Transcribe the listing below in full, exactly, with no images.

### [Available data]
****

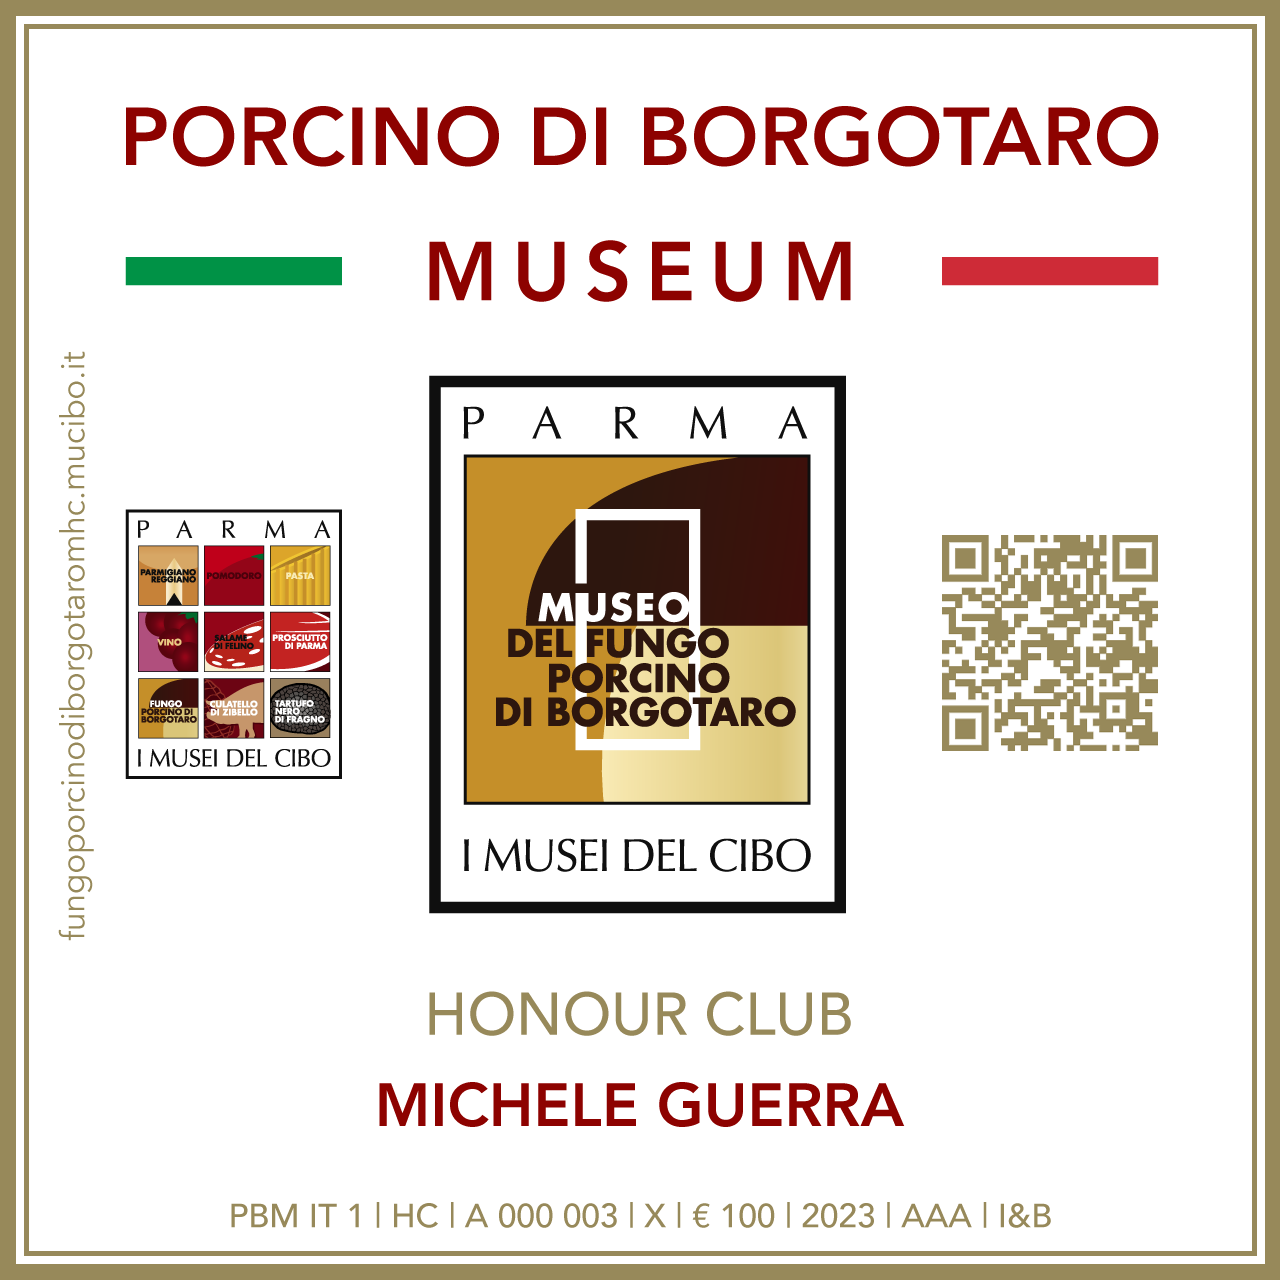 Fungo Porcino di Borgotaro Museum Honour Club - Token Id A 000 003 - MICHELE GUERRA
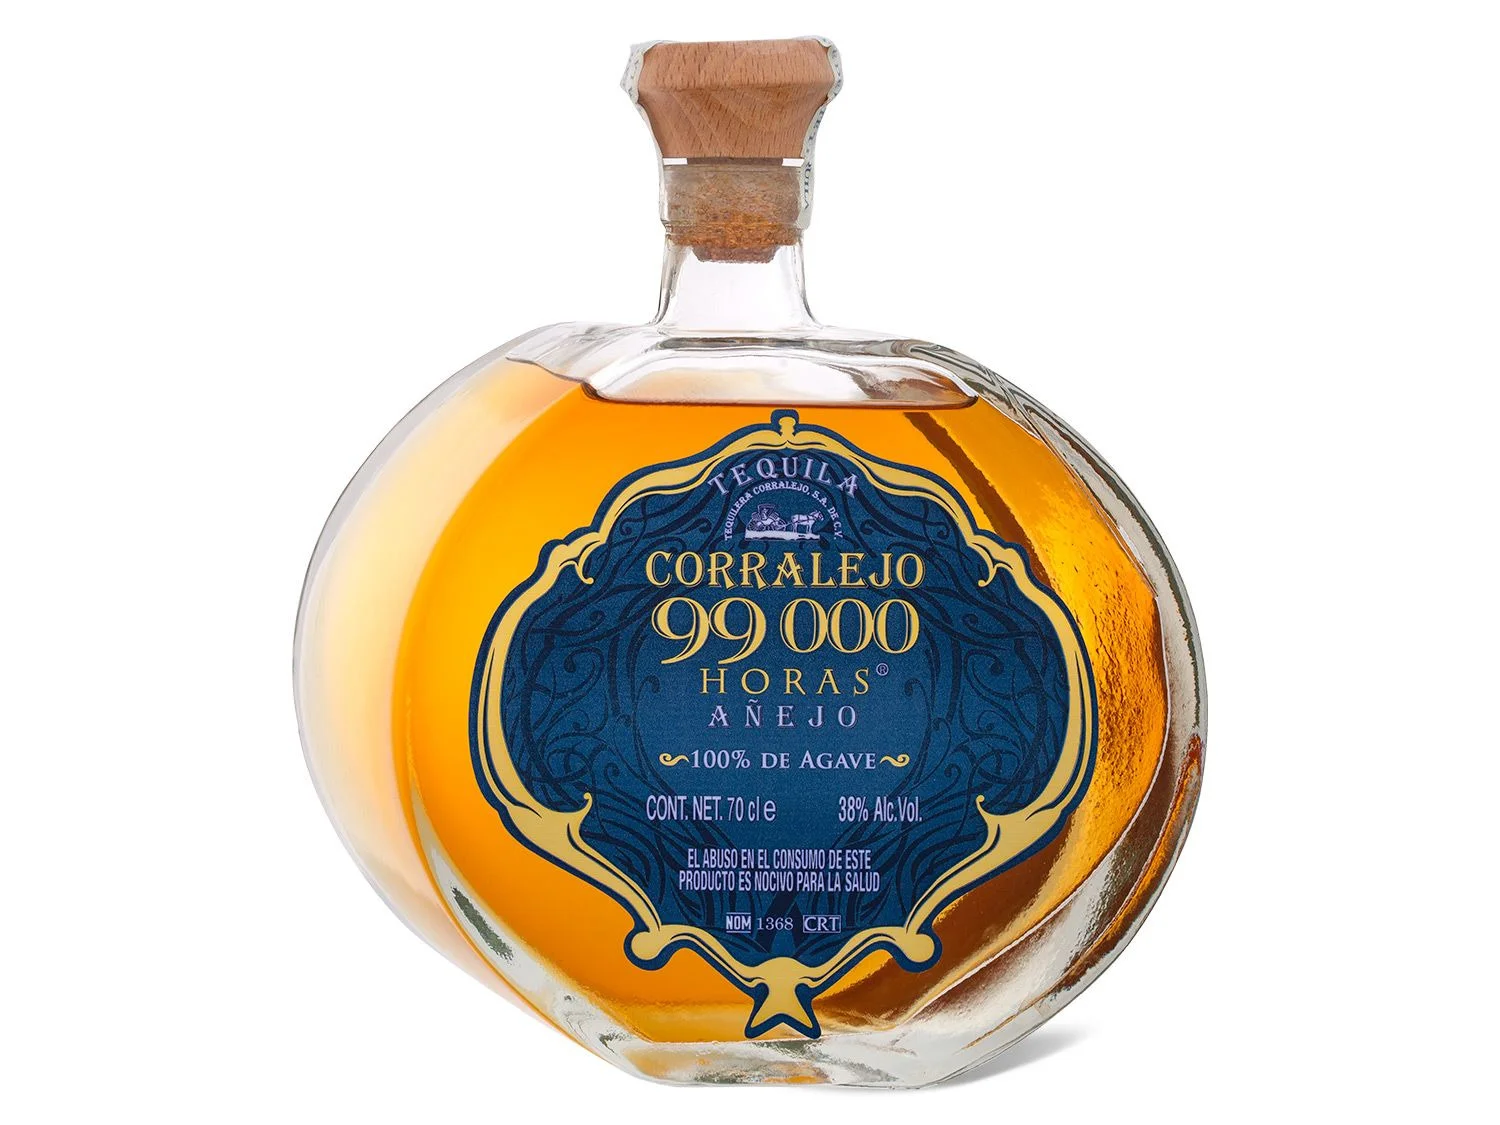 Corralejo Tequila 99,000 Horas Añejo 38% (1 x 0.7 l)
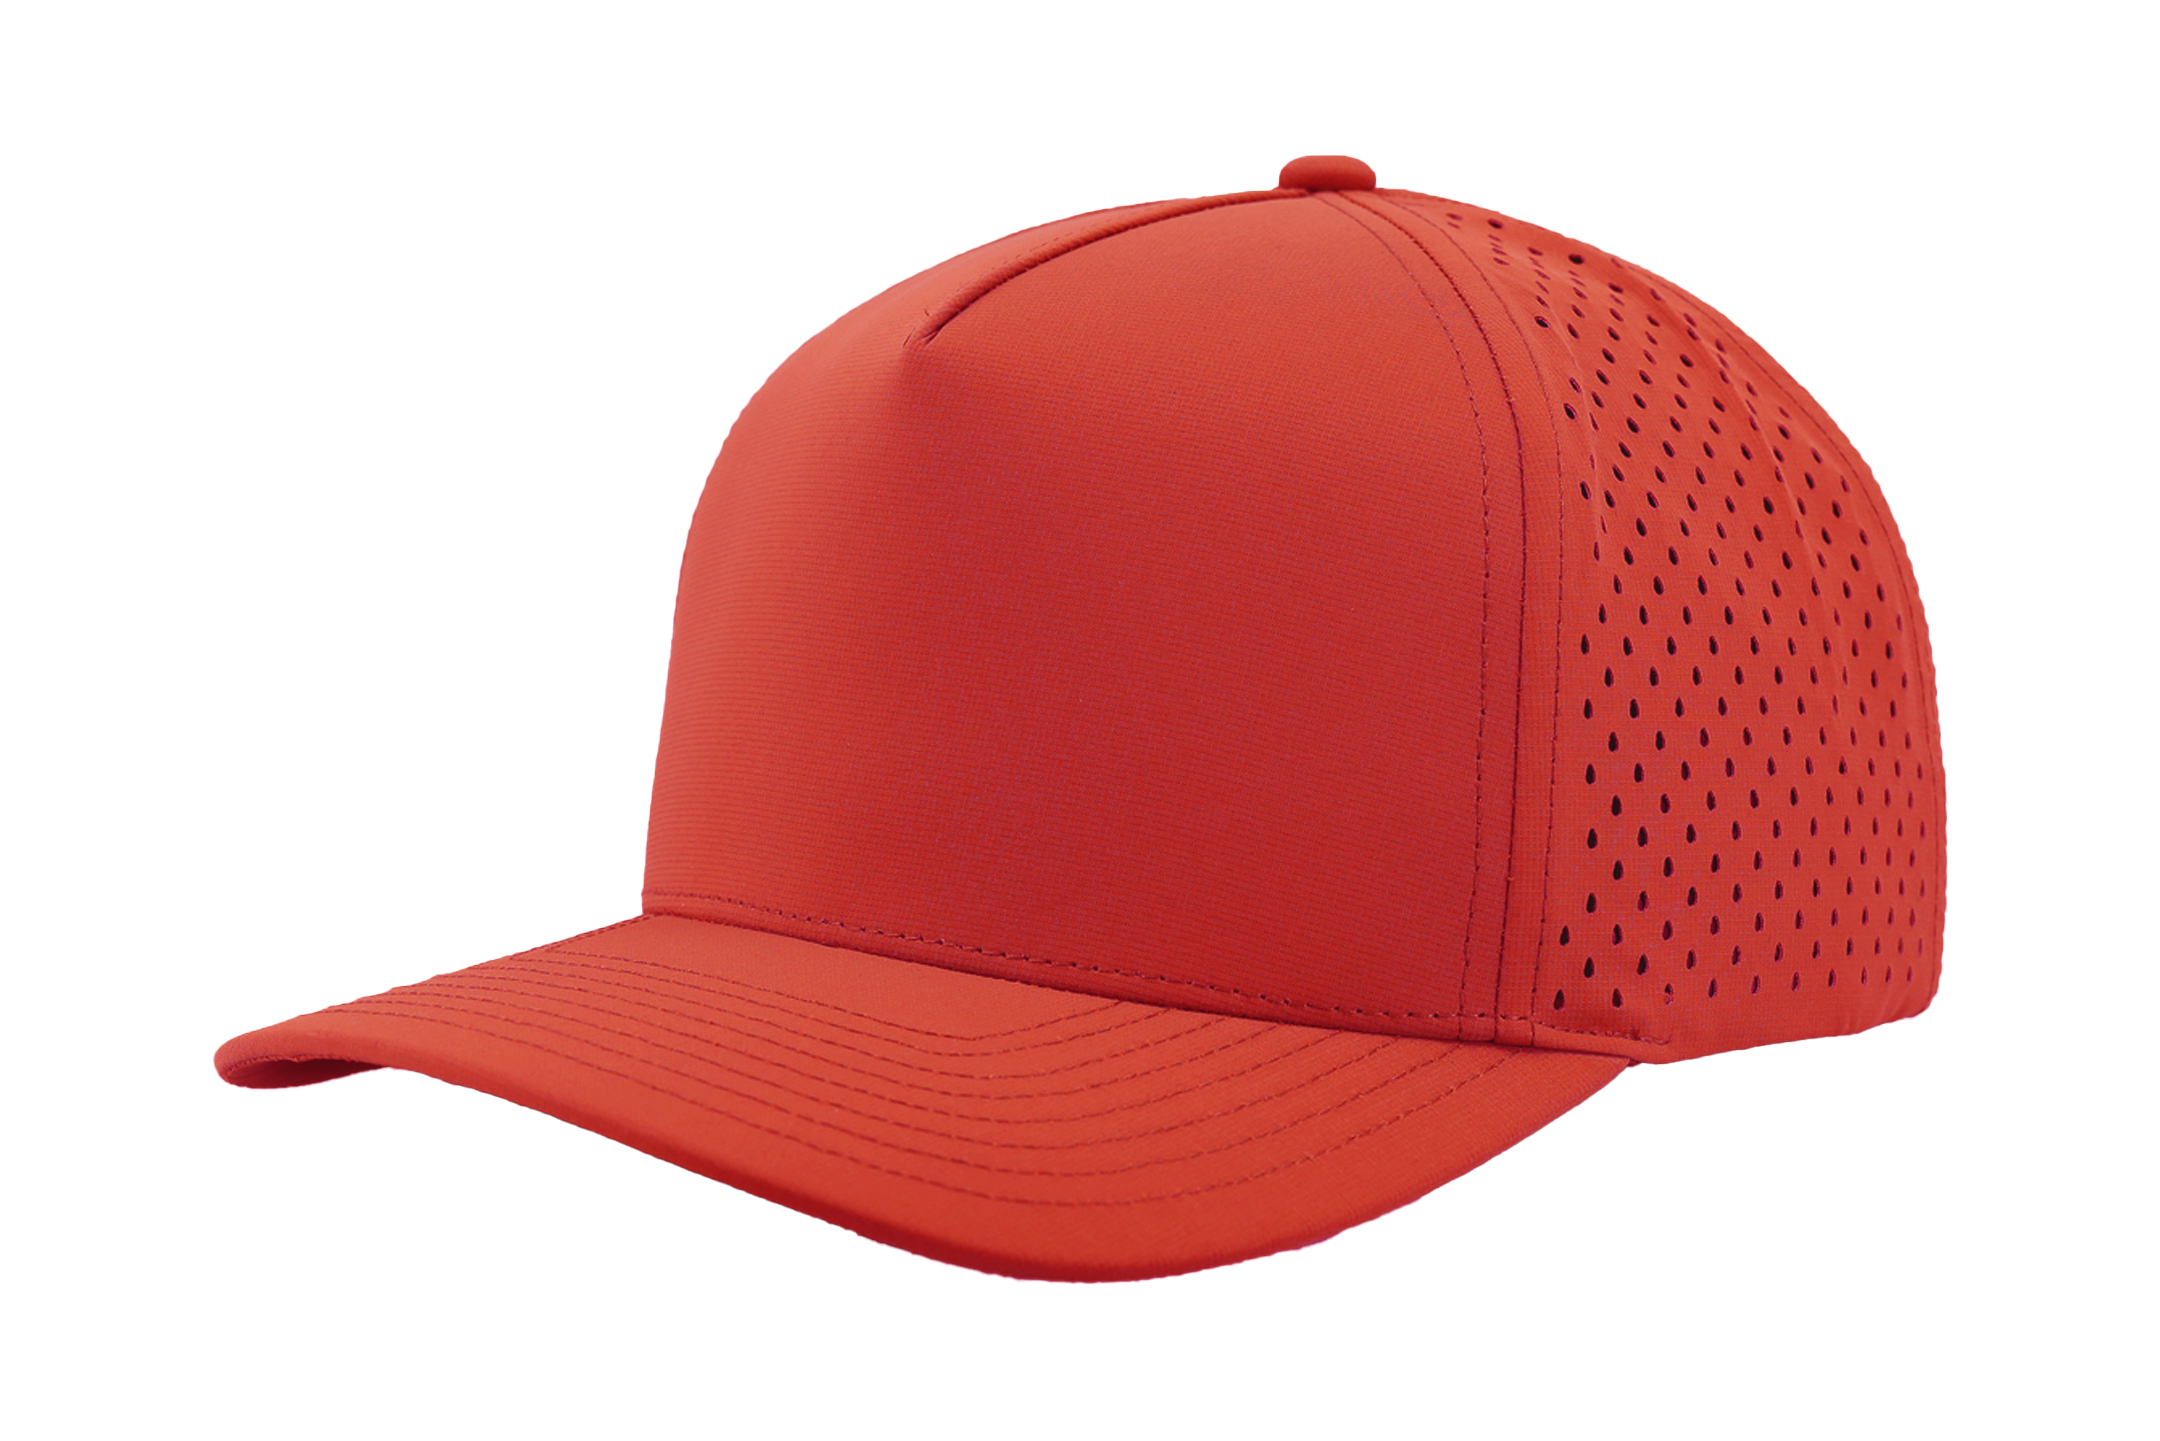 Custom Hat cardinal red front side view blackhawk snapback hat

****

### [Answer box]
 Fungo Porcino di Borgotaro Museum Honour Club - Token Id A 000 003 - MICHELE GUERRA
 Corralejo Tequila 99,000 Horas Añejo 38% (1 x 0.7 l)
 Custom Hat cardinal red front side view blackhawk snapback hat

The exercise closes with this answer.